* The task:
Word for word, print out all of the data, omitting every image.

* Collected data:
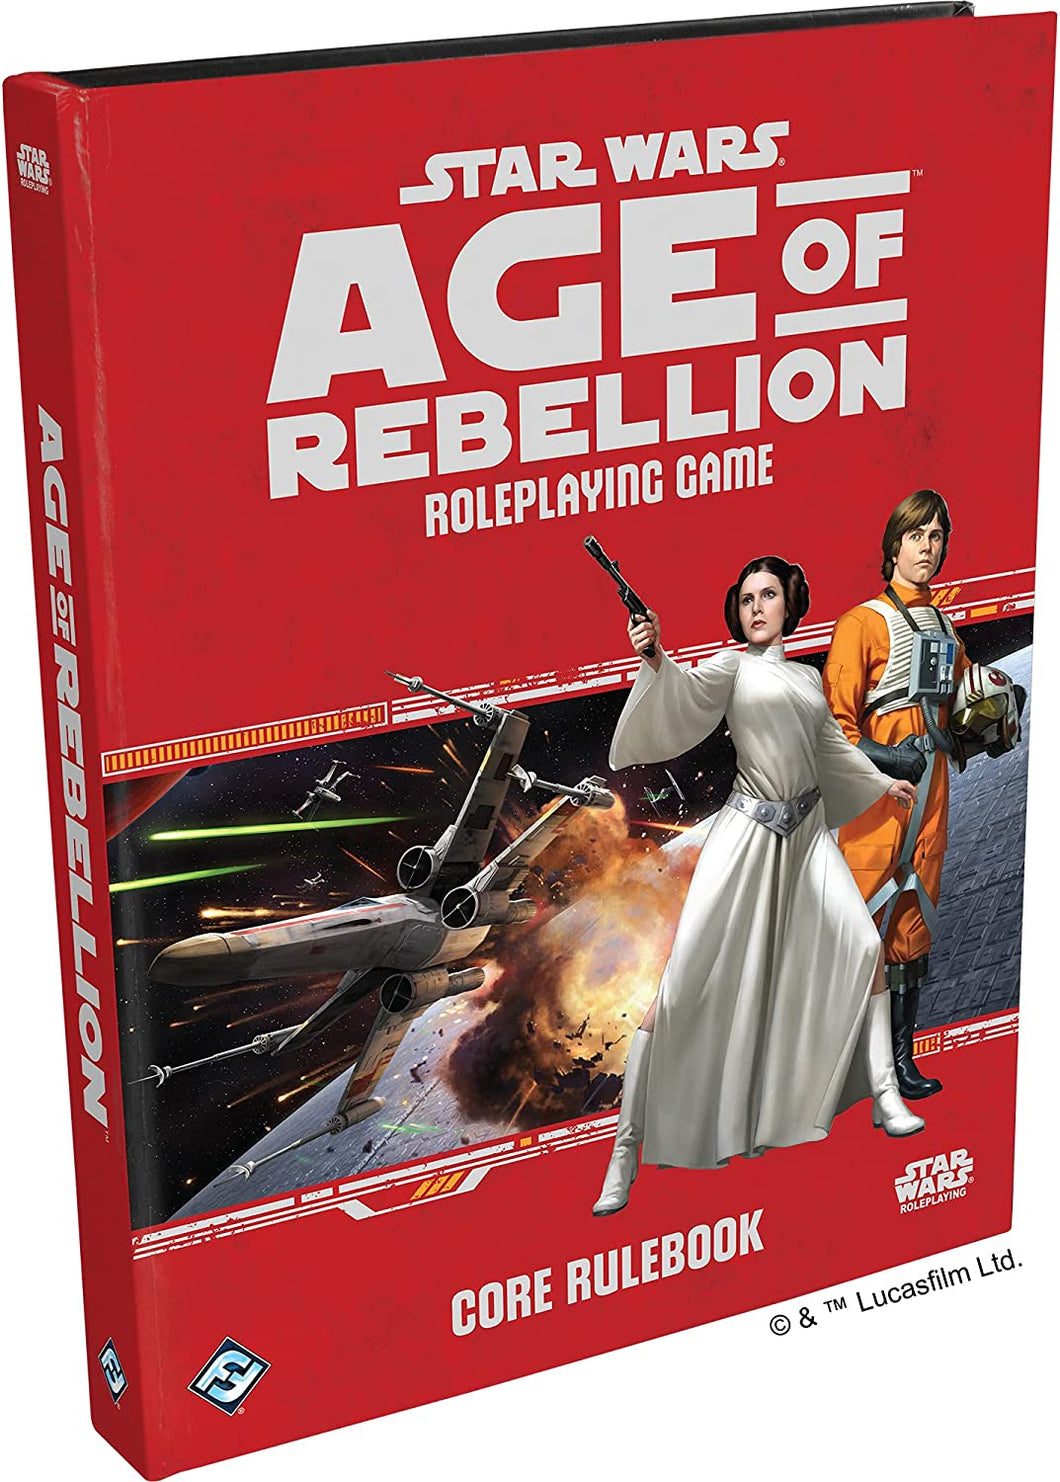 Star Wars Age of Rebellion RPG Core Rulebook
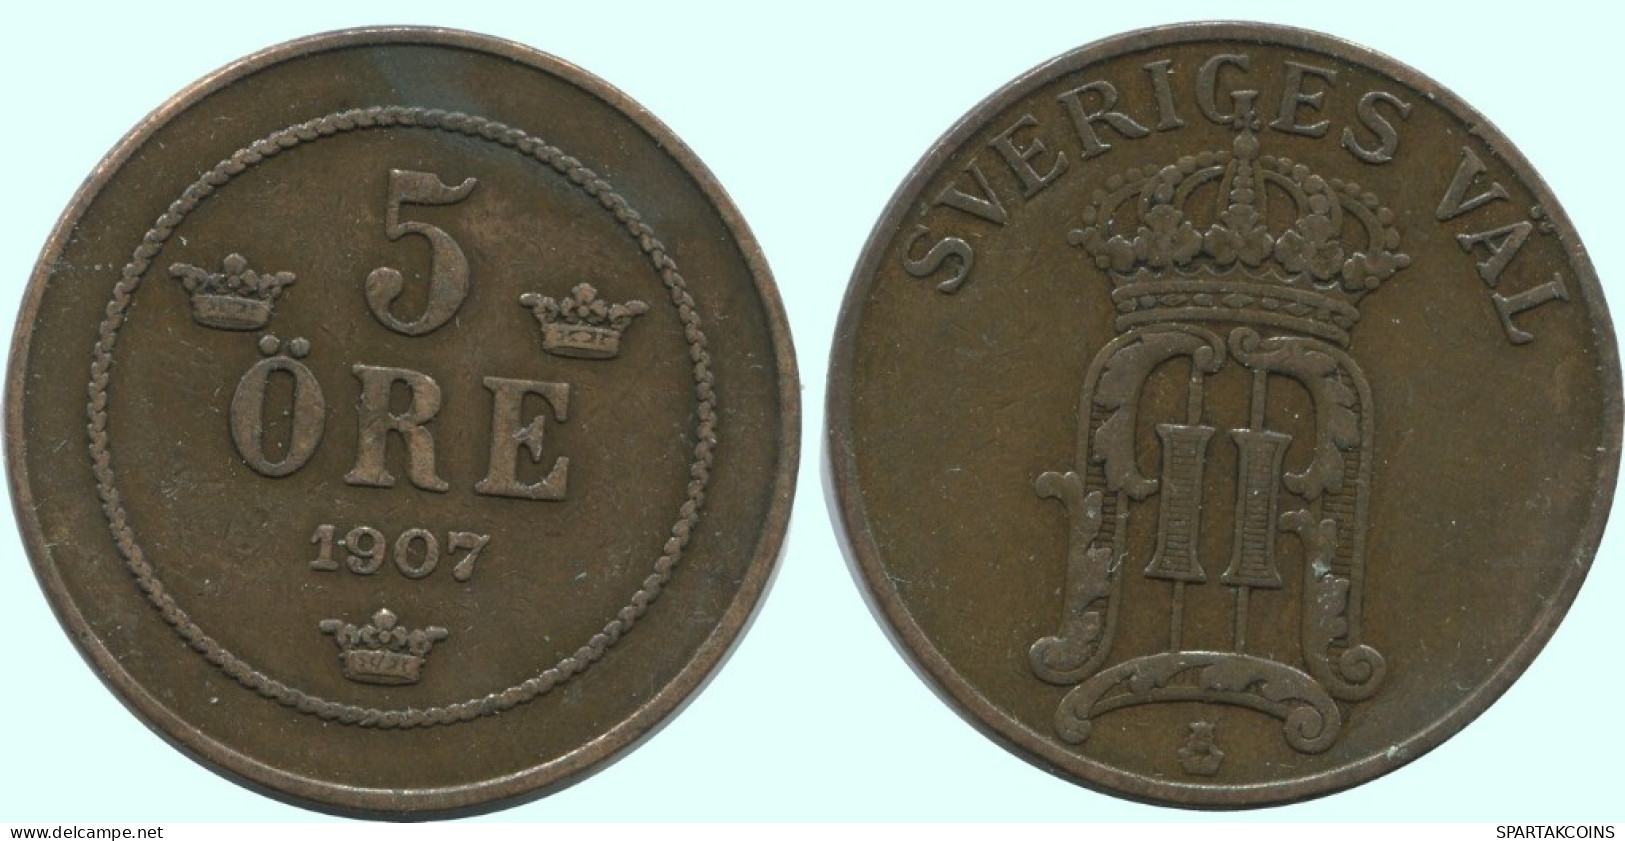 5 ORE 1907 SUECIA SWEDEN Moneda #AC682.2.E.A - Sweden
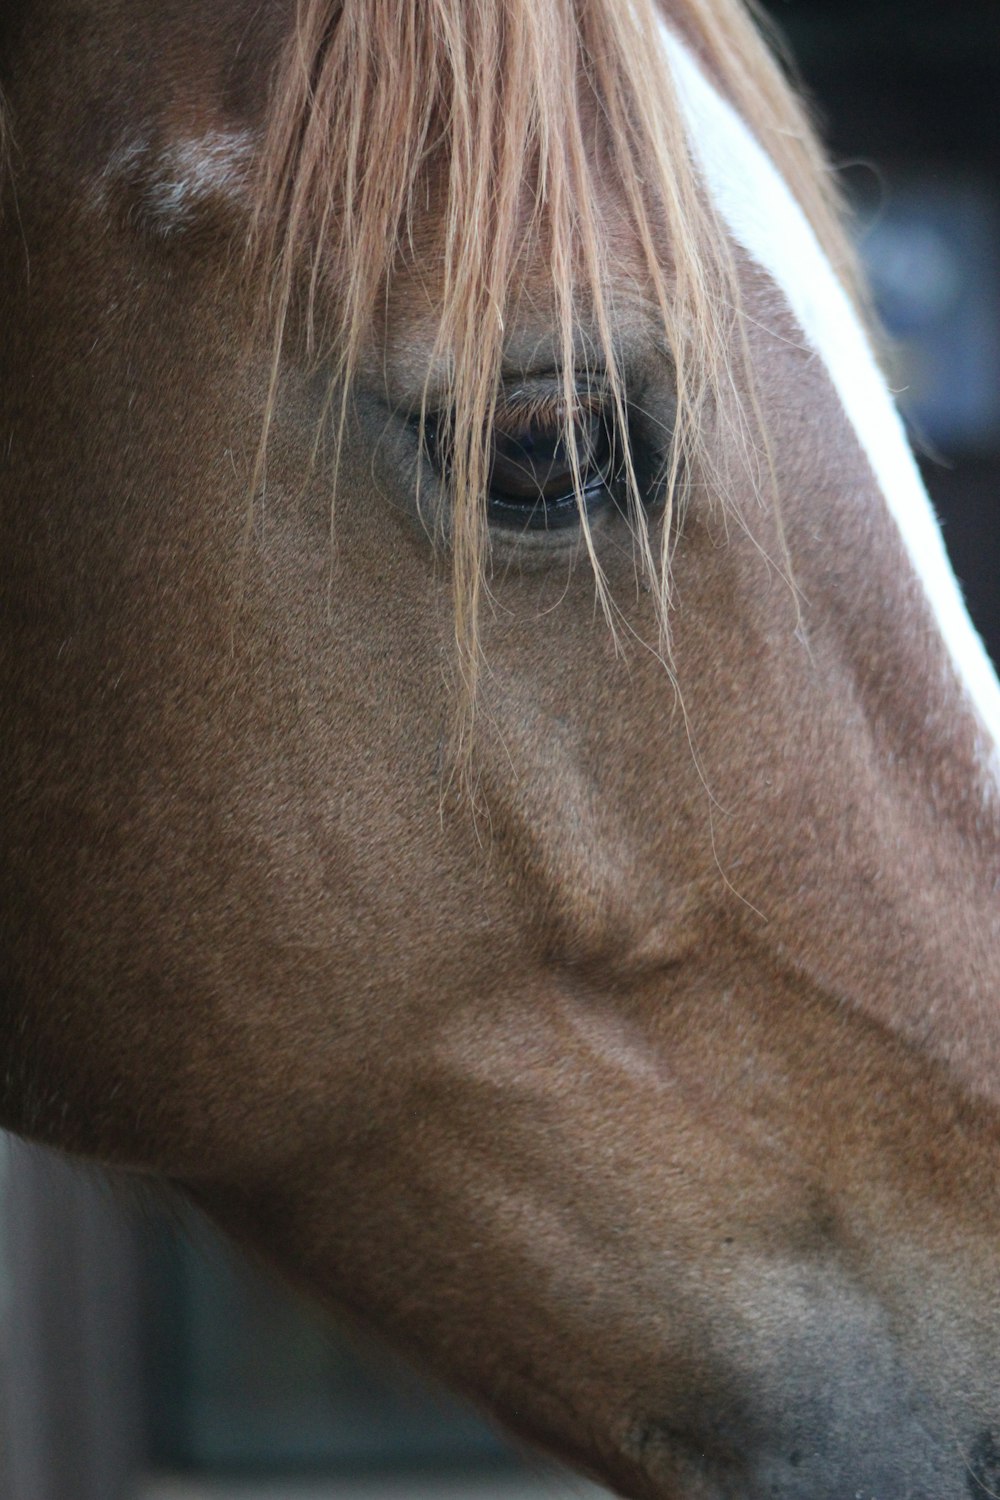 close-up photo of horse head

* Written solution:
 Star Wars Age of Rebellion RPG Core Rulebook
 5 ORE 1907 SUECIA SWEDEN Moneda #AC682.2.E.A - Sweden
 close-up photo of horse head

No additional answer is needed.